WHAT YOU HAVE TO DO:
Retype each line below precisely and omit all images.

EXERCISE DATA:
============

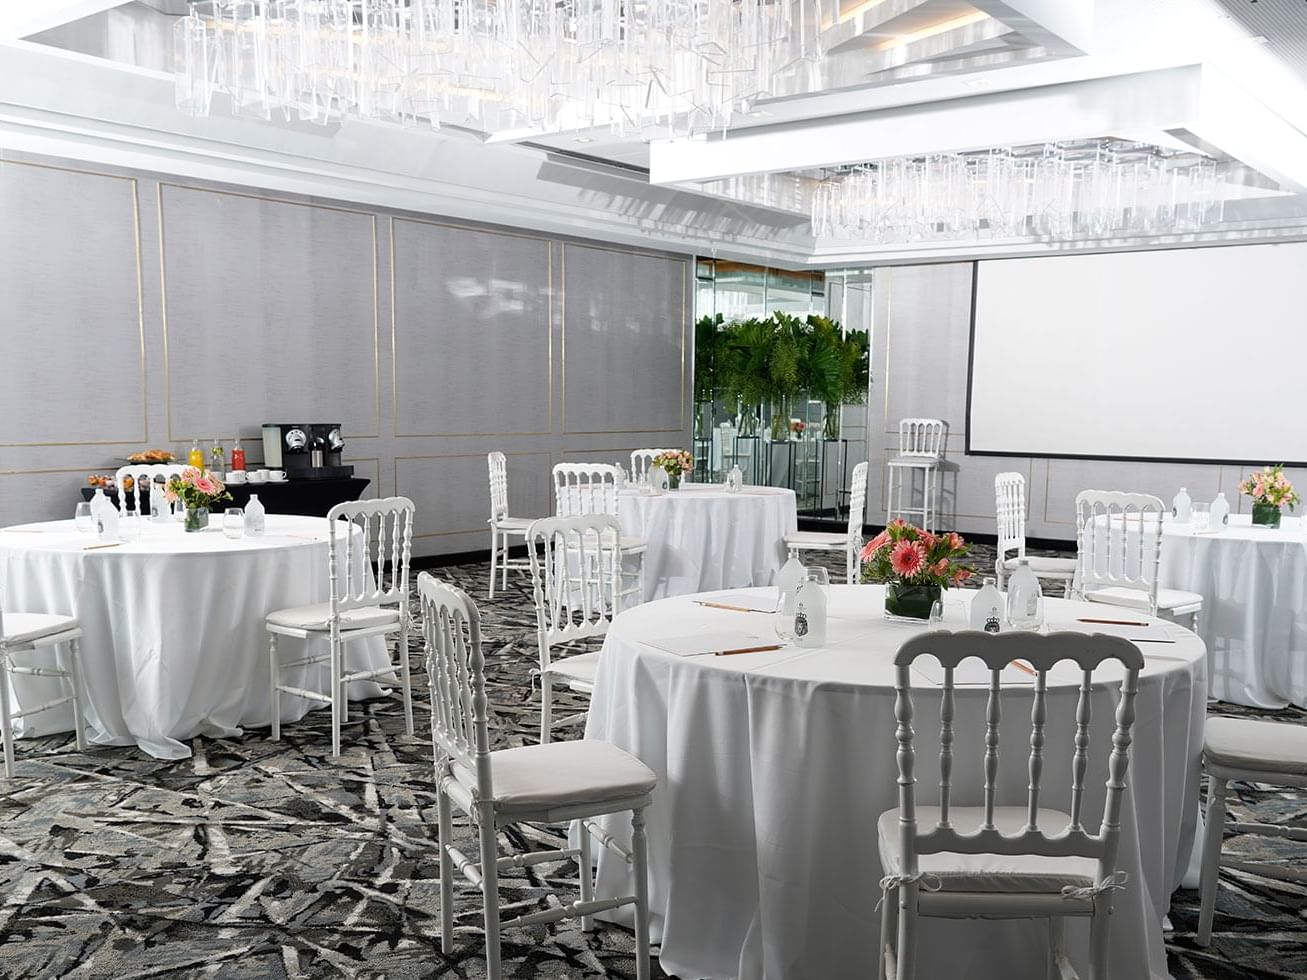 
Mesas decoradas con flores en una habitación del Hotel Emperador Buenos
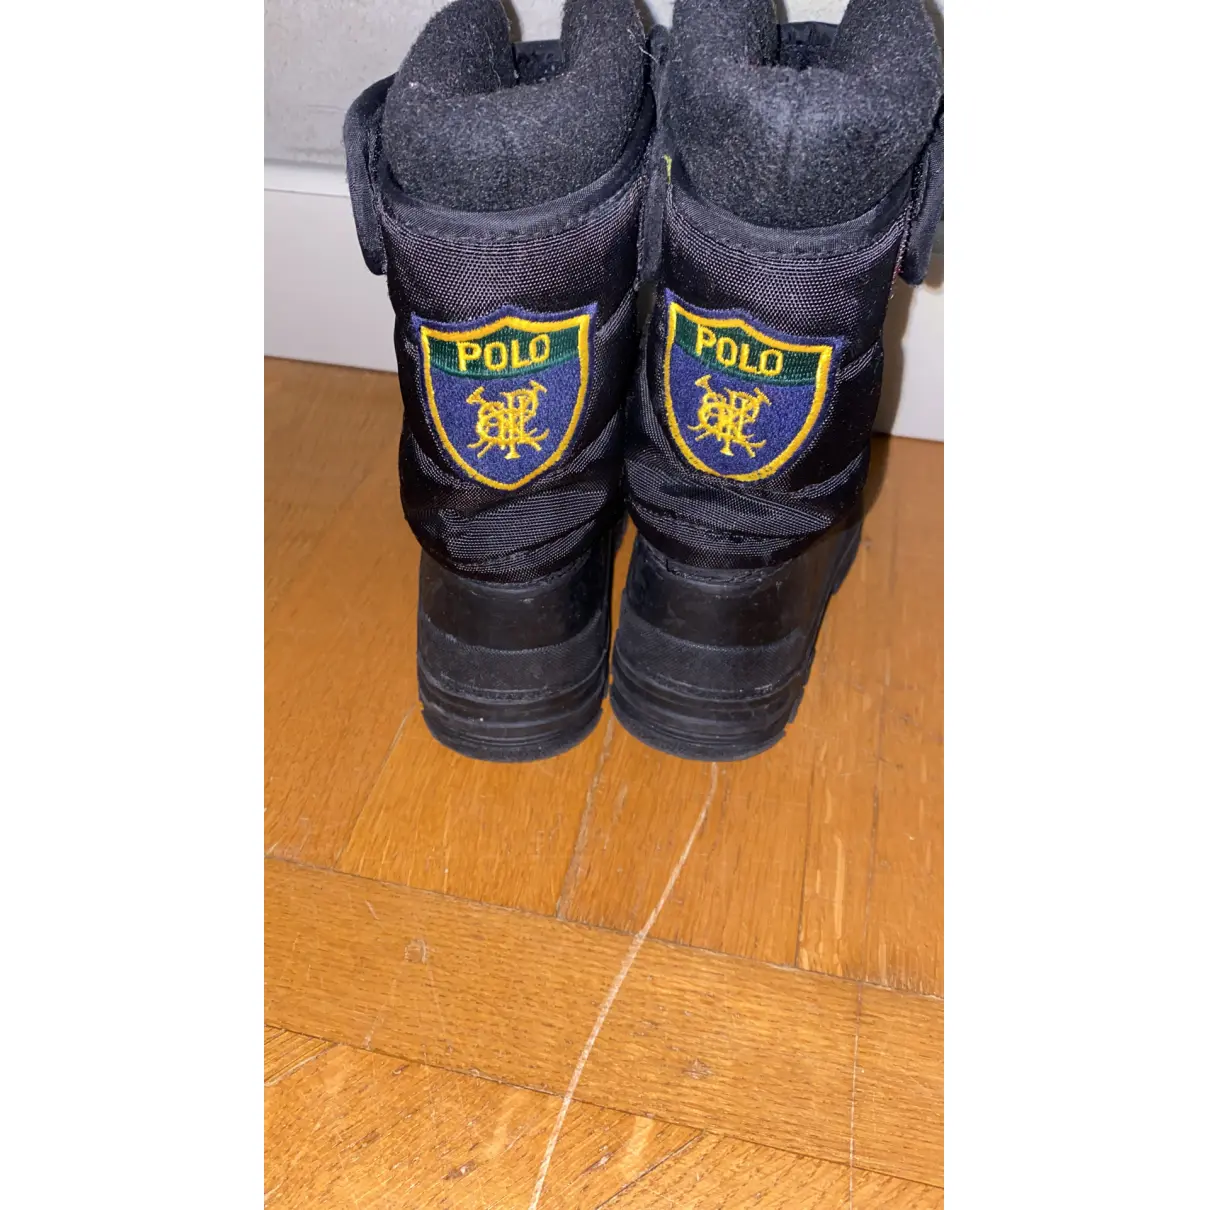 Buy Polo Ralph Lauren Boots online
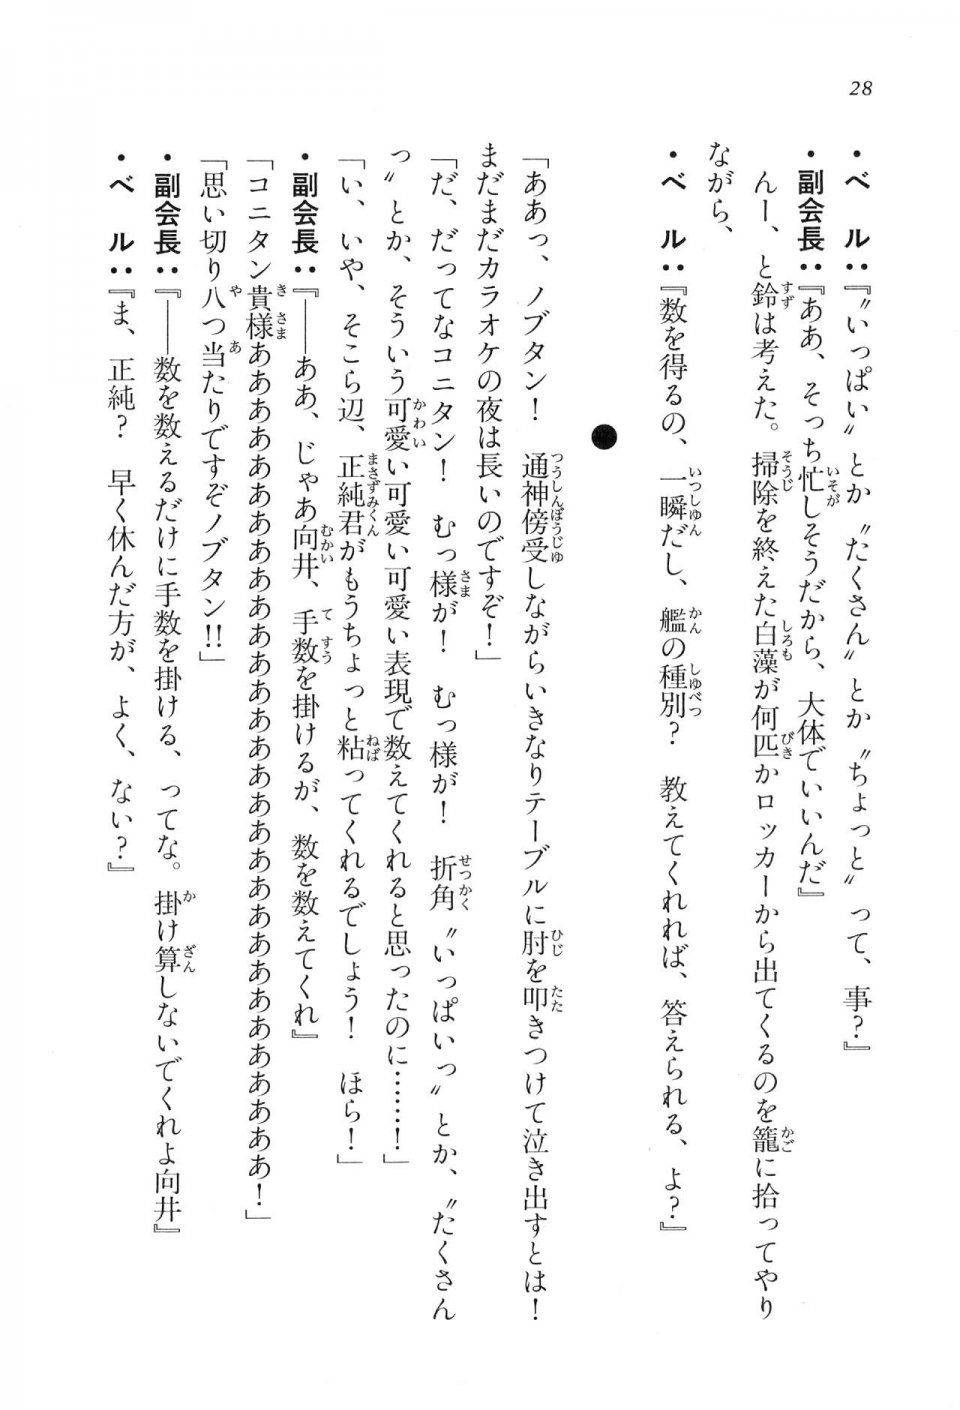 Kyoukai Senjou no Horizon LN Vol 16(7A) - Photo #28
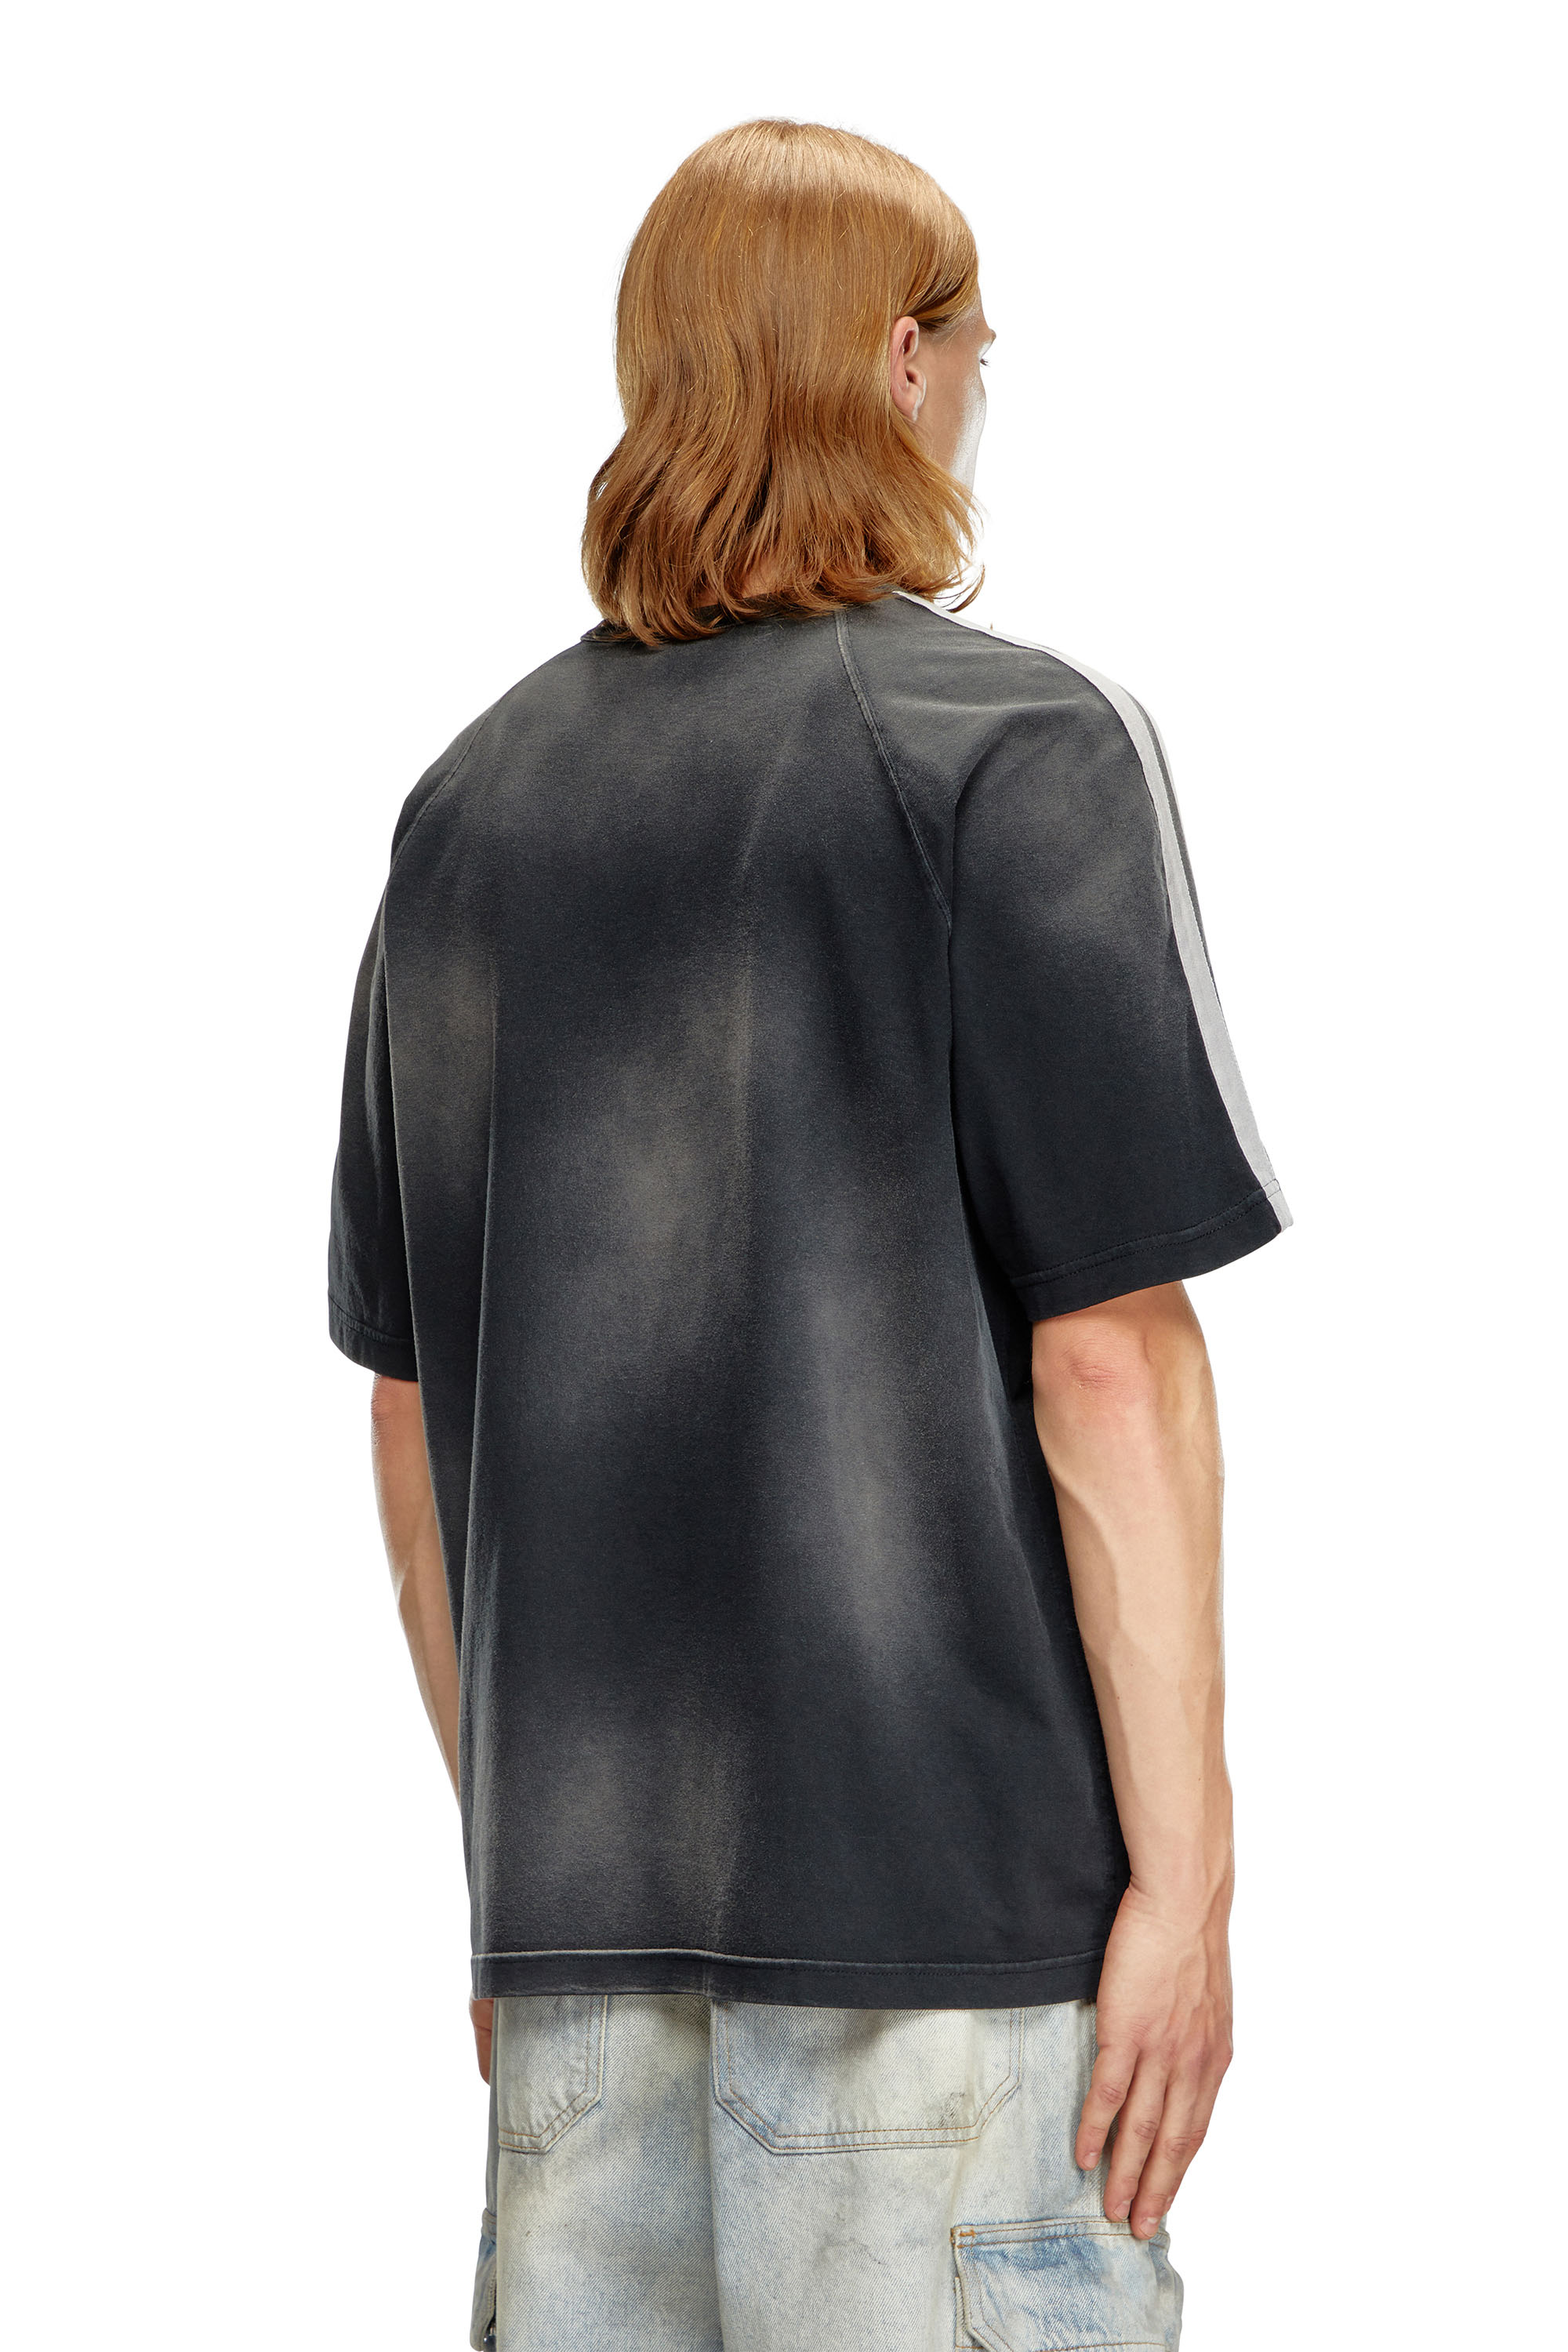 Diesel - T-ROXT-STRIPE, Hombre Camiseta desteñida con logotipo estampado en relieve in Negro - Image 4

============

RESPONSE:
Mesas decoradas con flores en una habitación del Hotel Emperador Buenos
 Buy Polo Ralph Lauren Boots online
 Kyoukai Senjou no Horizon LN Vol 16(7A) - Photo #28
 Diesel - T-ROXT-STRIPE, Hombre Camiseta desteñida con logotipo estampado en relieve in Negro - Image 4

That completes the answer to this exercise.